Worcester Sauce is REALLY good though.


----------



## Wake

In a fit of boredom I bought some strange potato chips off amazon.com.

Tyrrell's:
#1 Sweet Chili and Red Pepper
#2 Worchestershire Sauce and Sundried Tomato
#3 Mature Cheddar and Chives

Next month I think I'll try Mackie's of Scotland flamegrilled aberdeen angus chips.


----------



## Mr. H.

These are excellent...






And while not a potato chip, these are a real treat but I've only been able to get them by ordering from the company by the case. Comes out to about $5/bag with shipping...


----------



## Moonglow

When you feel the need to shred the insides of you mouth you'll want these...


----------



## guno

Moonglow said:


> When you feel the need to shred the insides of you mouth you'll want these...
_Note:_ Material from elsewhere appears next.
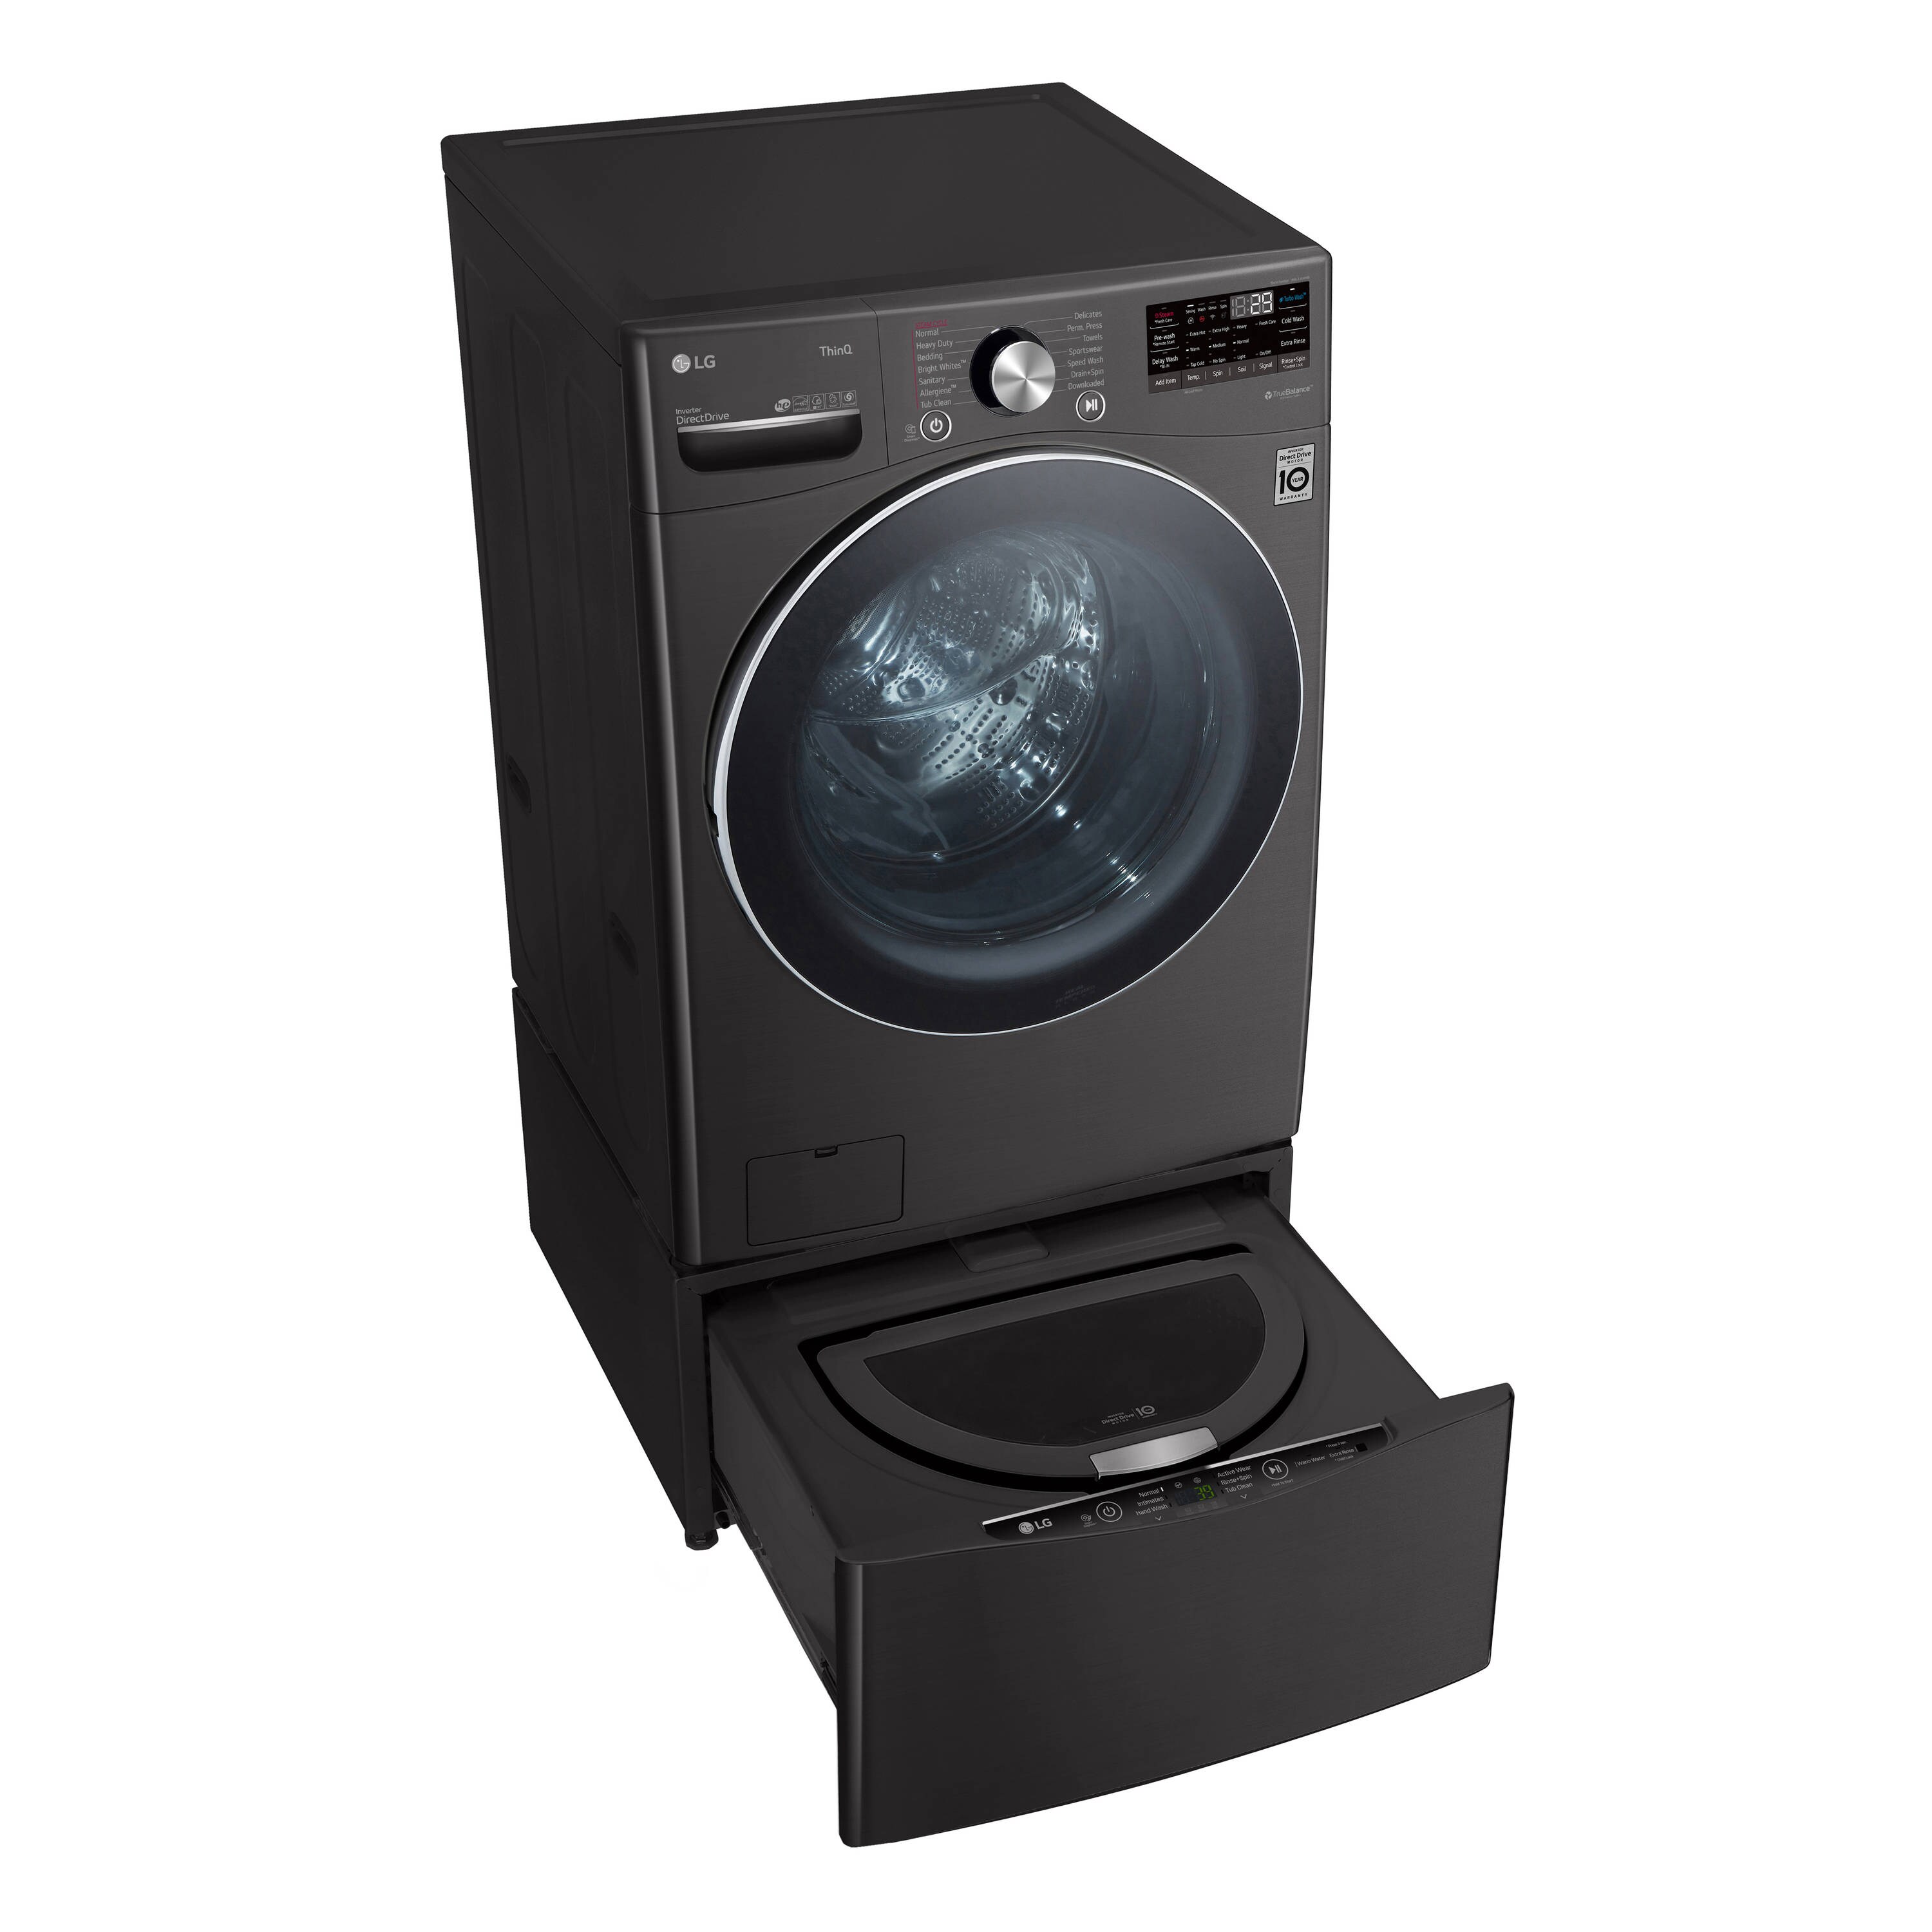 LG 5-cu ft Stackable Steam Cycle Smart Front-Load Washer (Black Steel)  ENERGY STAR

My 8 year old grandson loves those ..Yikes


----------



## JOSweetHeart

To me, Ruffles are the best because they do not break a part as easily when you run them through whatever dip it is that you have. Regular and sour cream and onion are my favorite flavor and french onion is my favorite dip.   
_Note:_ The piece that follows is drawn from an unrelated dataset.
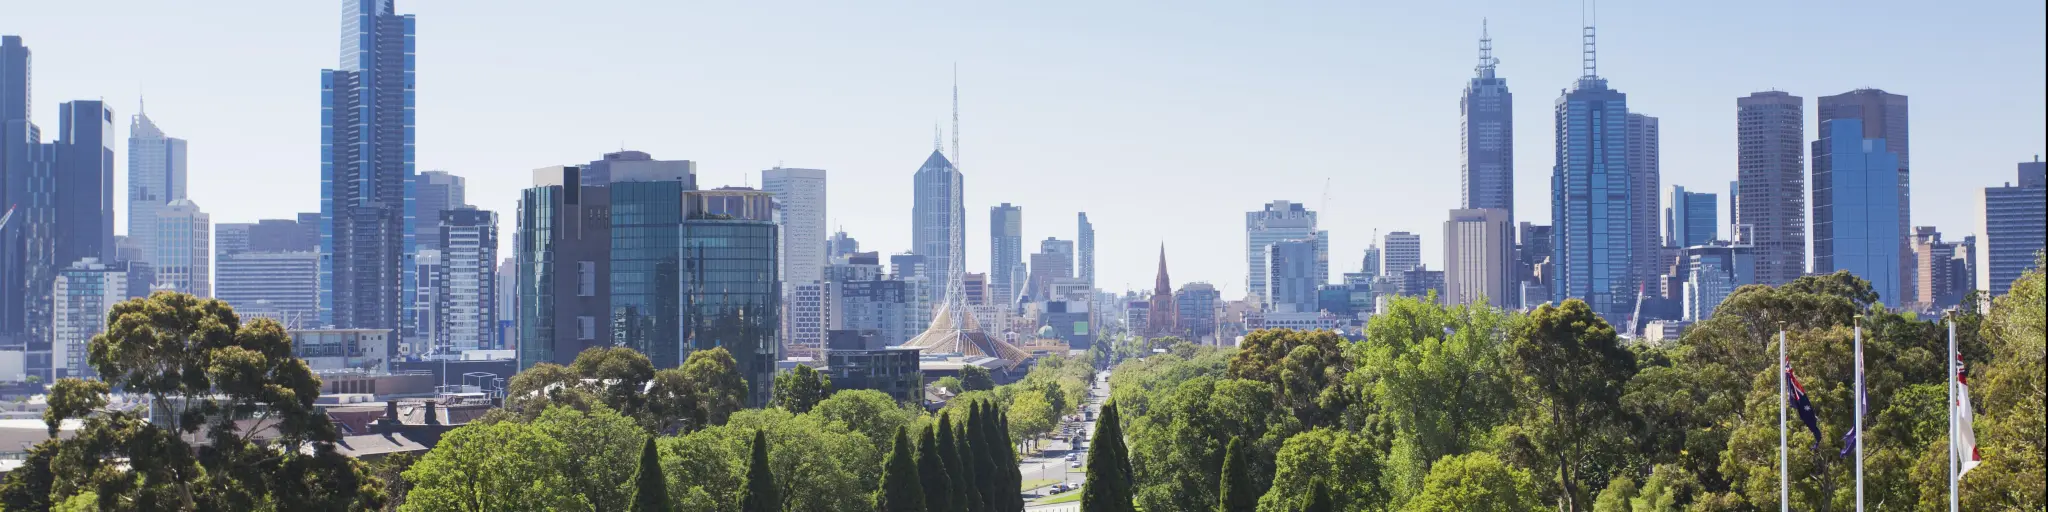 Melbourne, Australia with a view of the skyline on a sunny day.

God bless you always!!!   

Holly


----------



## Ringel05

Potato chips but I'm a purist, potato chips should not be defiled with artificial flavorings.


----------



## Iceweasel

Wake said:


> Jackson said:
> 
> 
> 
> For once, we are all in agreement.  I LOVE Lay's.  Any variety.
> 
> 
> 
> 
> Including Cappuccino?
Click to expand...

I bought a bag being skeptical but they were great! Bought another bag and now don't see them around. 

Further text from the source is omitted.